* **TASK BRIEF**:
Ignoring every picture, transcribe the data in full as it stands.

** DATA PROVIDED follows **

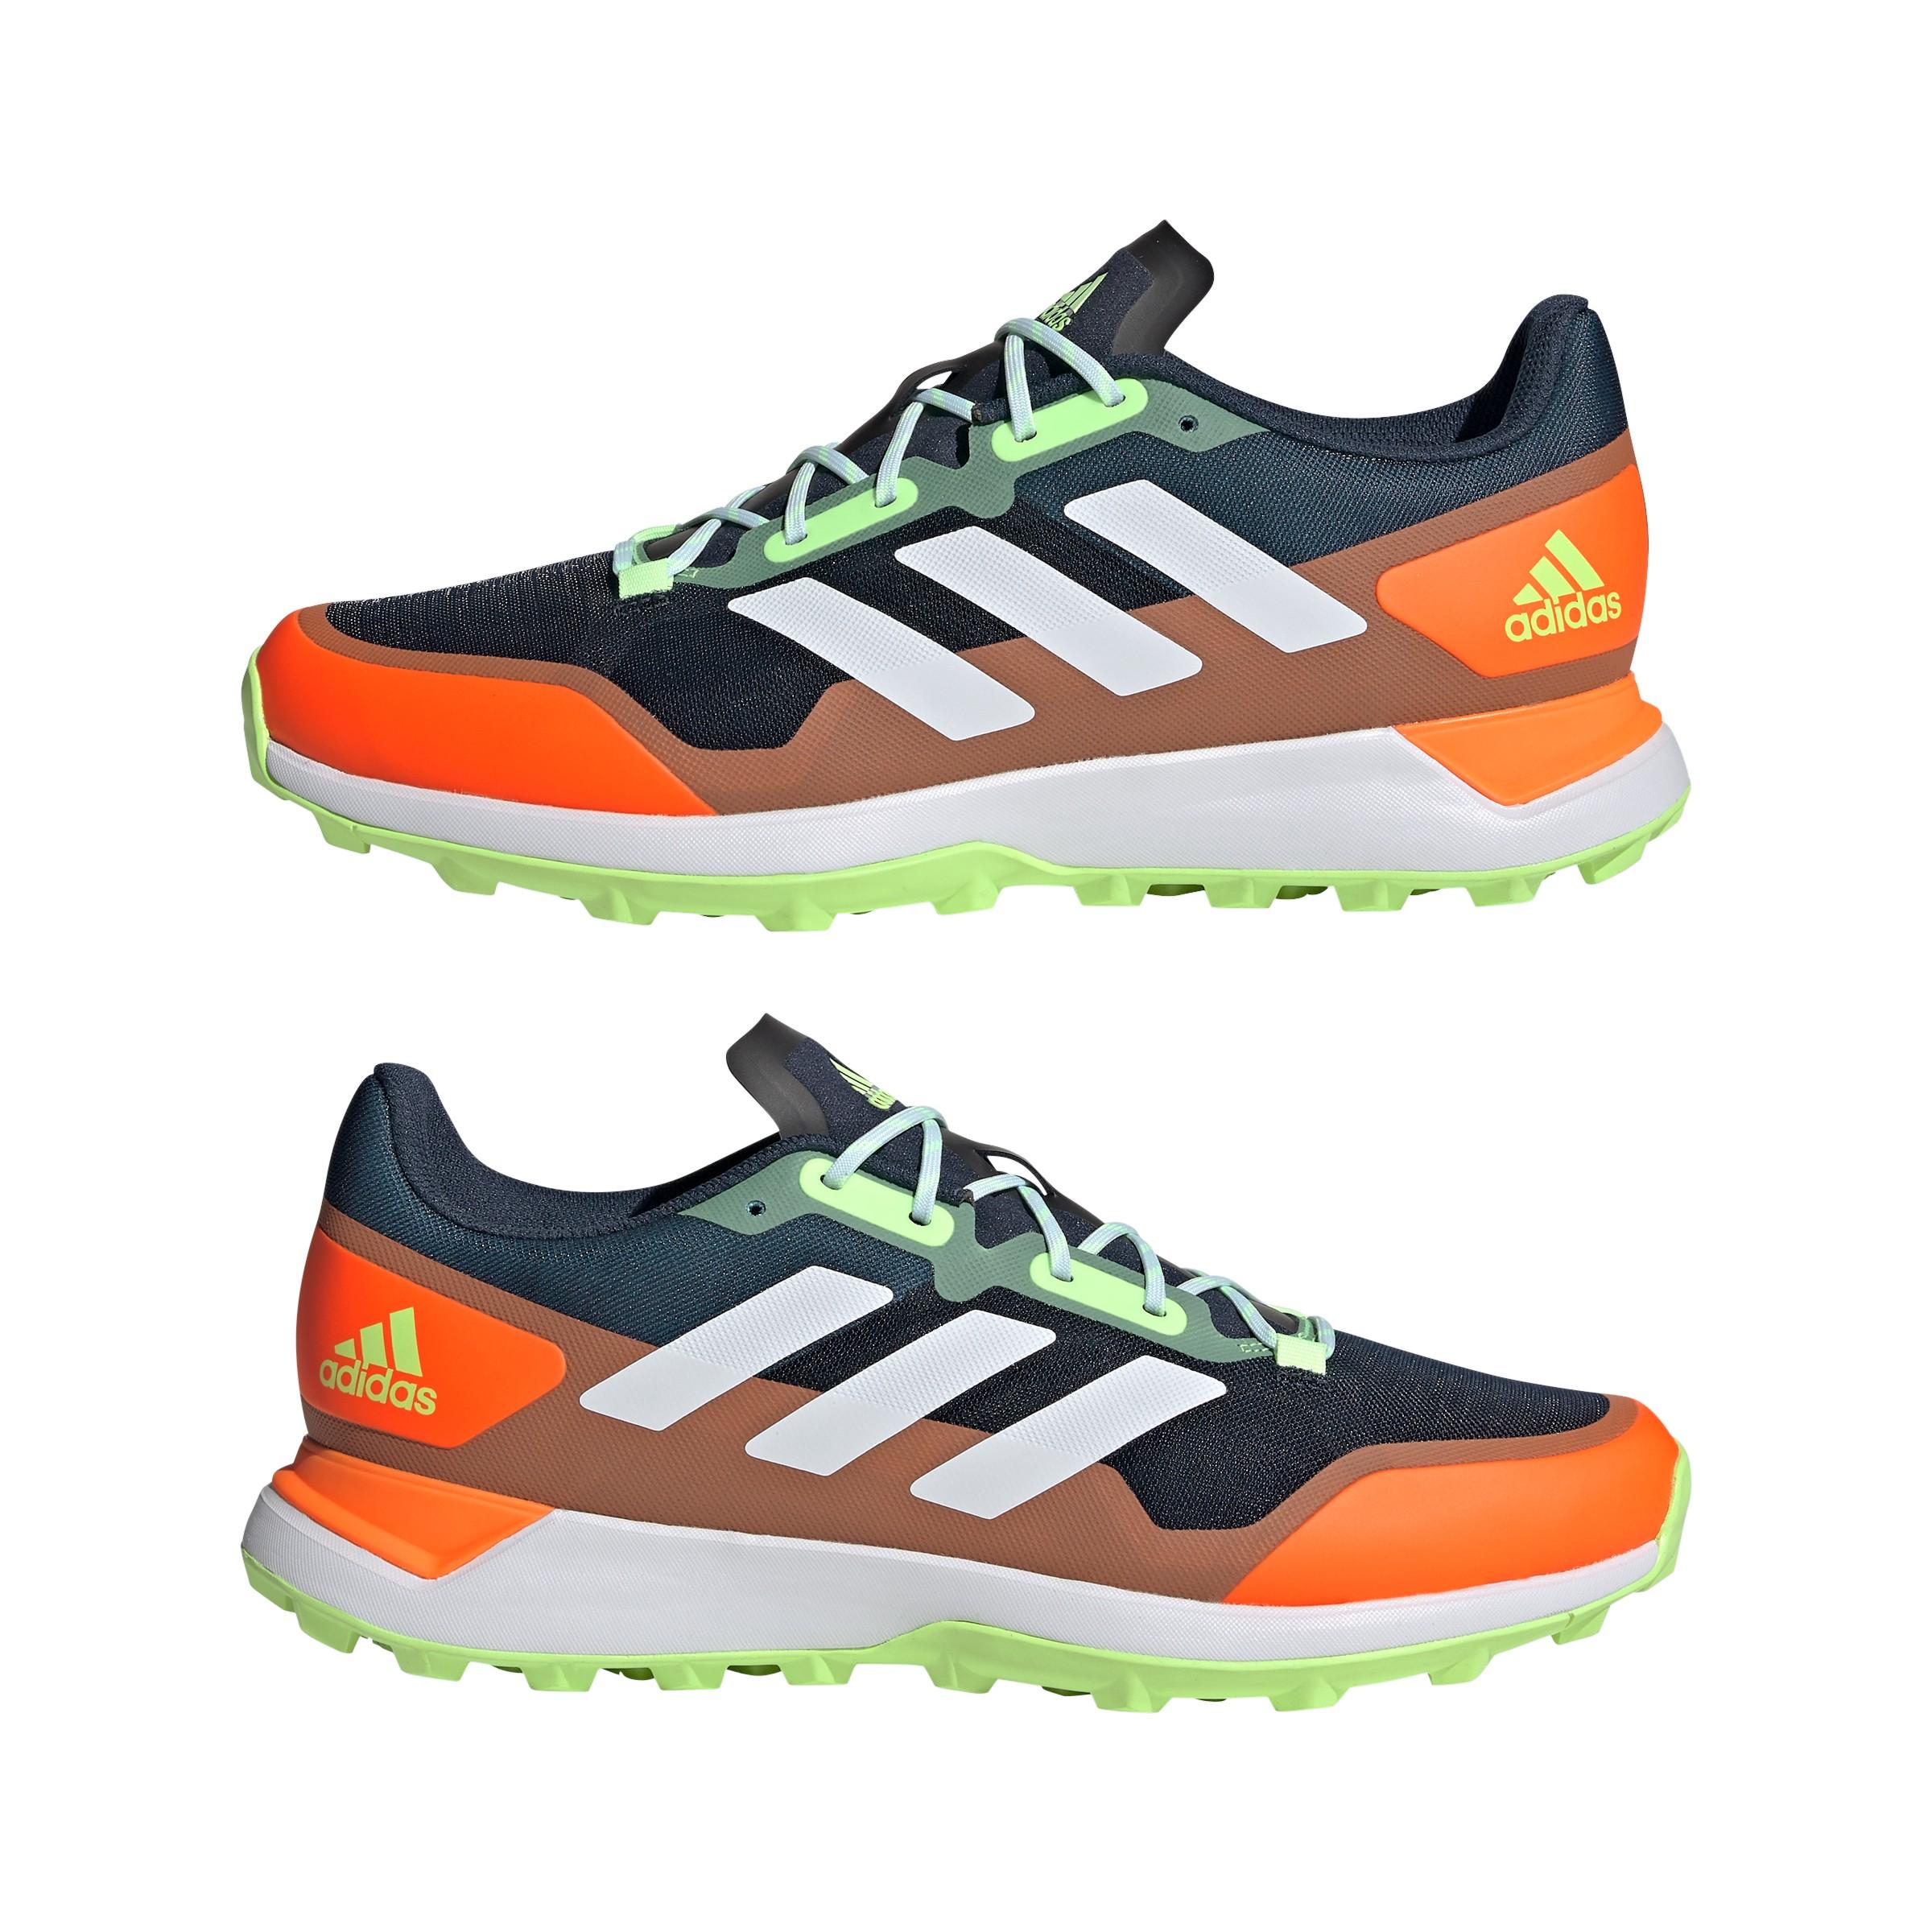 Adidas Zone Dox 2.0 Hockey Shoes - Navy (2020/21) - Buy Now
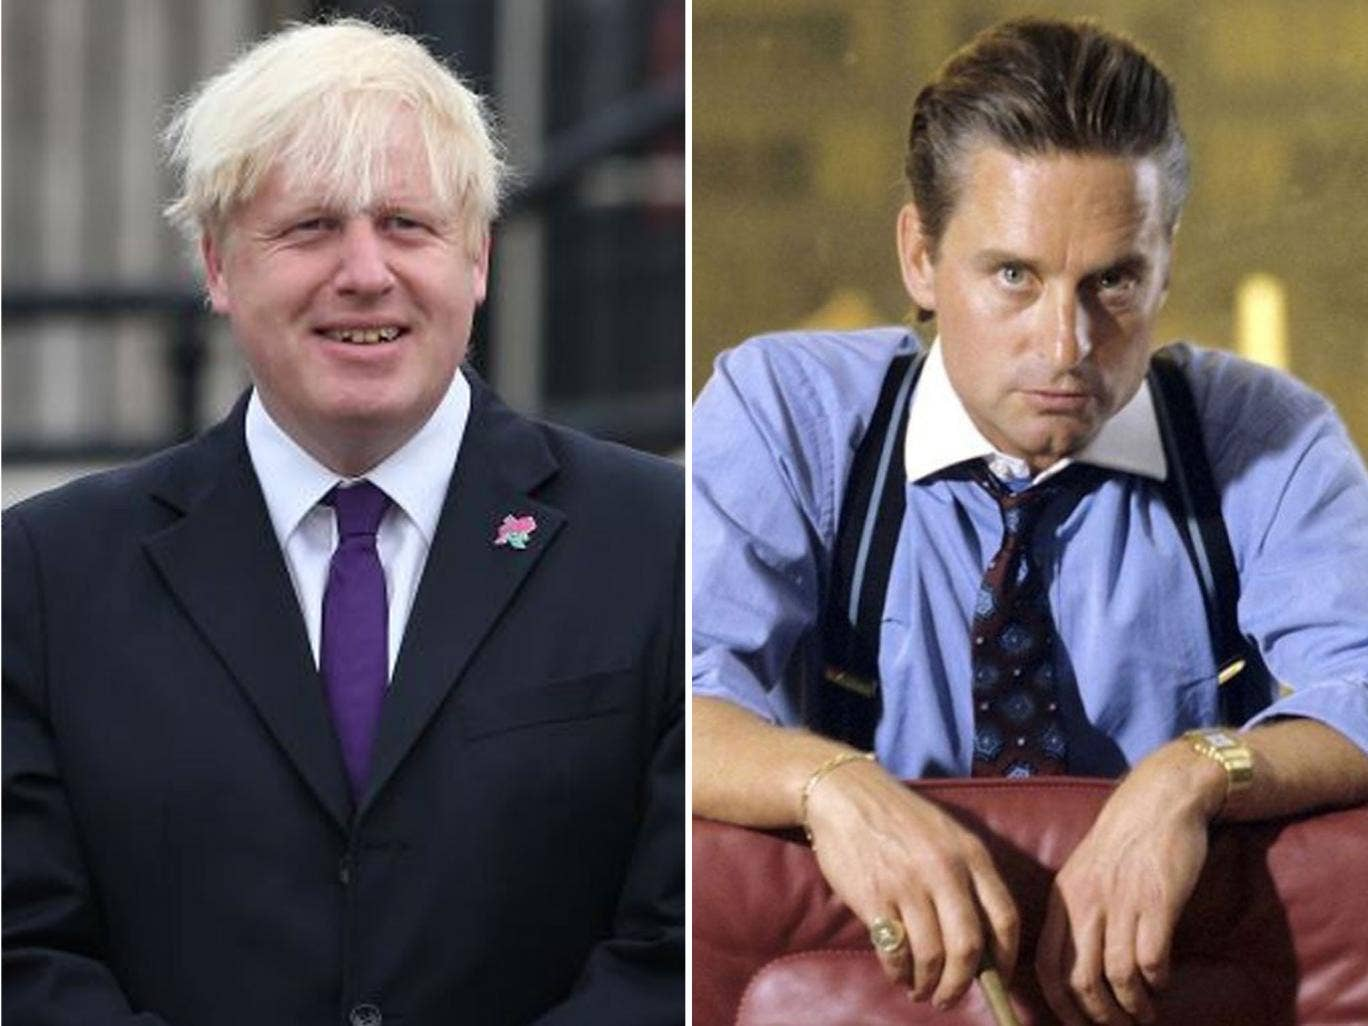 'Embrace a culture of greed': But who said it? London Mayor Boris Johnson or Michael Douglas' Gordon Gekko in 'Wall Street'?
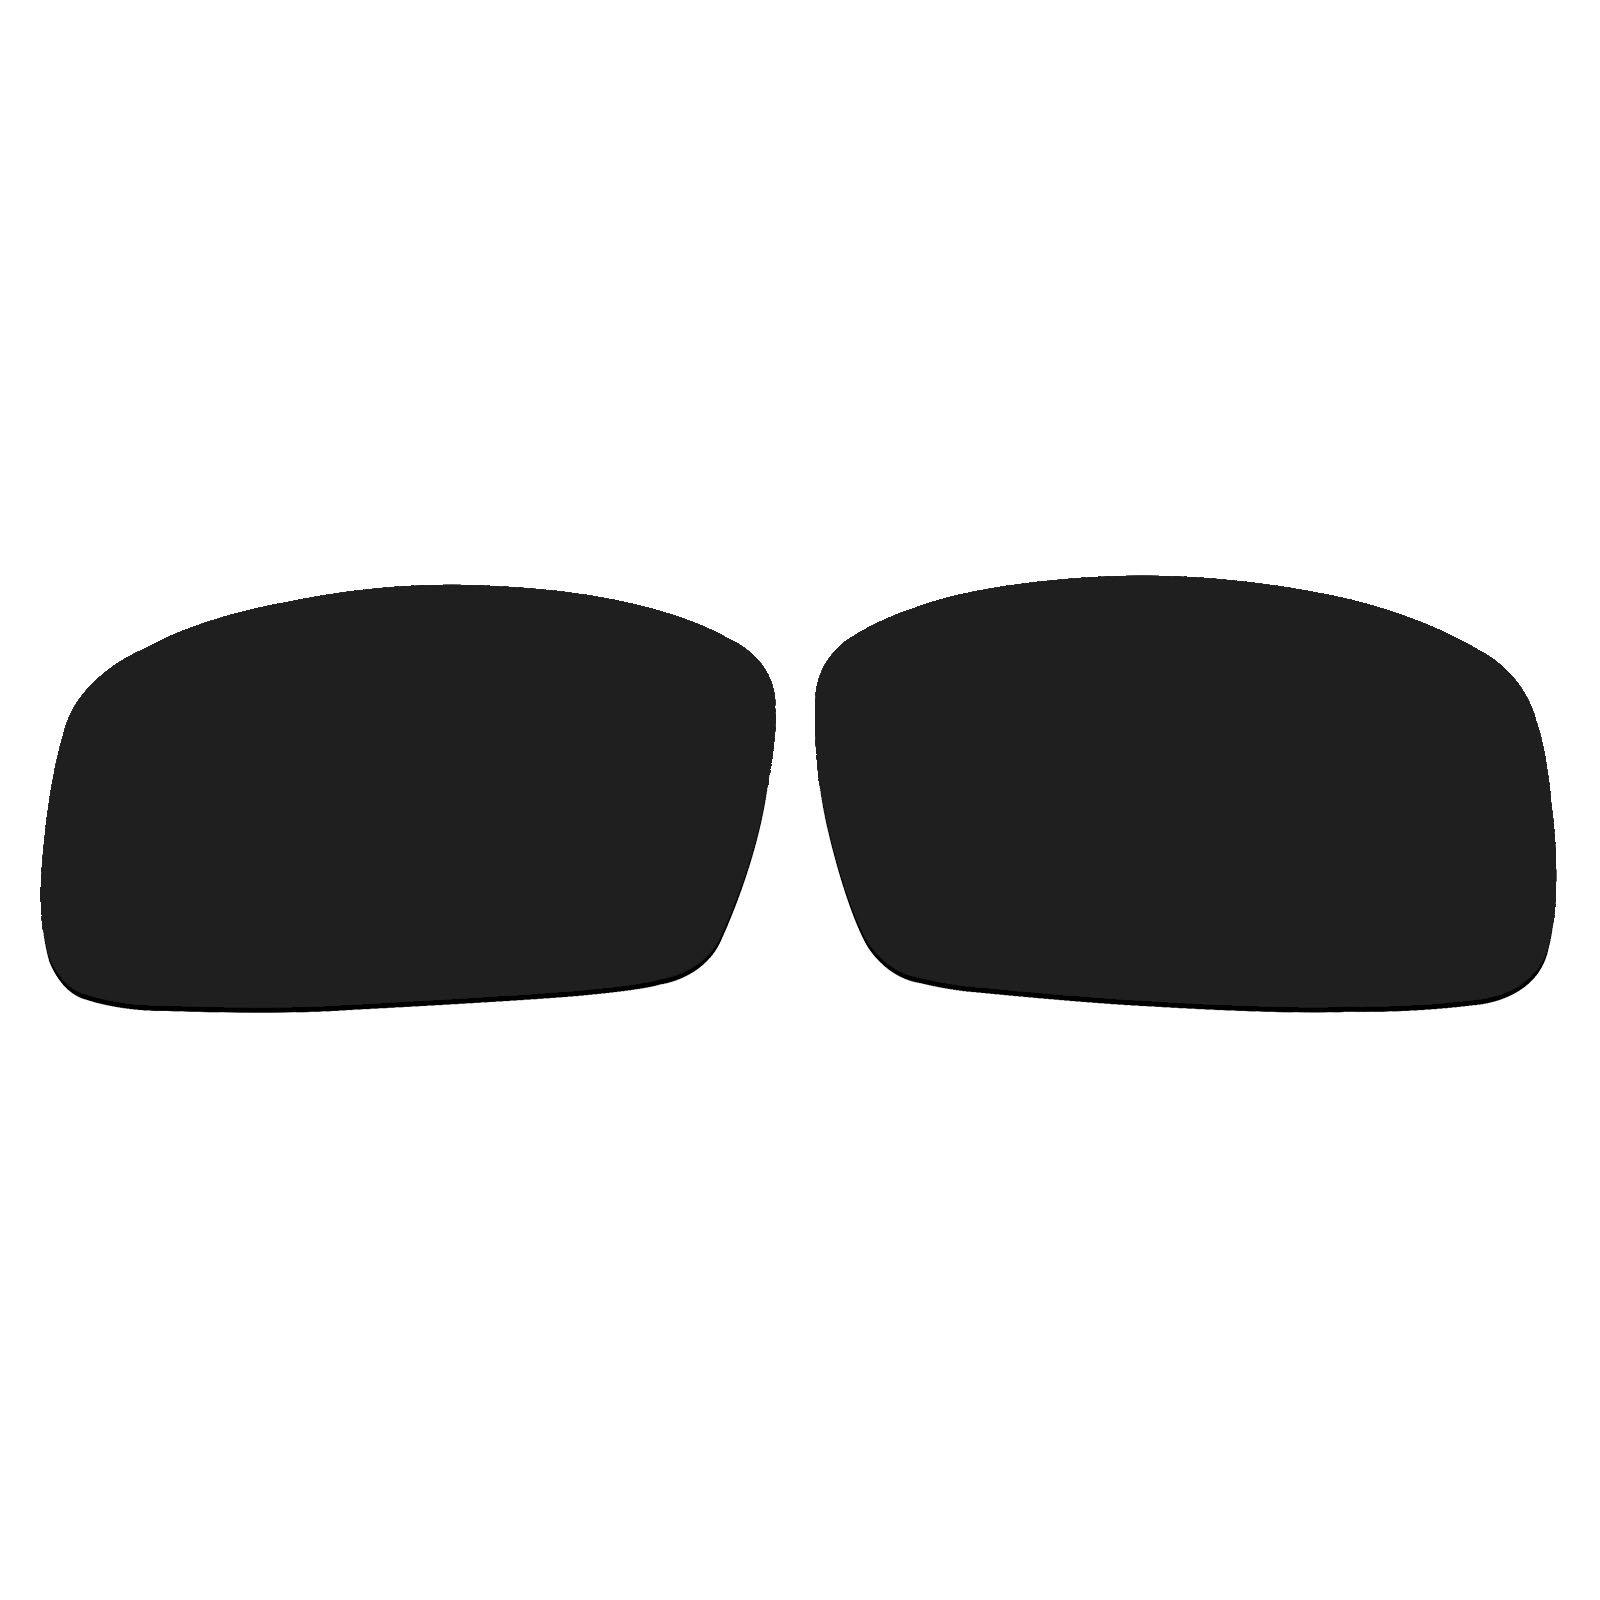 Polarized Replacement Sunglasses UV Lenses for Spy Optic General - Black

** End of DATA PROVIDED **

* **SOLVED EXERCISE**:
 Adidas Zone Dox 2.0 Hockey Shoes - Navy (2020/21) - Buy Now
 'Embrace a culture of greed': But who said it? London Mayor Boris Johnson or Michael Douglas' Gordon Gekko in 'Wall Street'?
 Polarized Replacement Sunglasses UV Lenses for Spy Optic General - Black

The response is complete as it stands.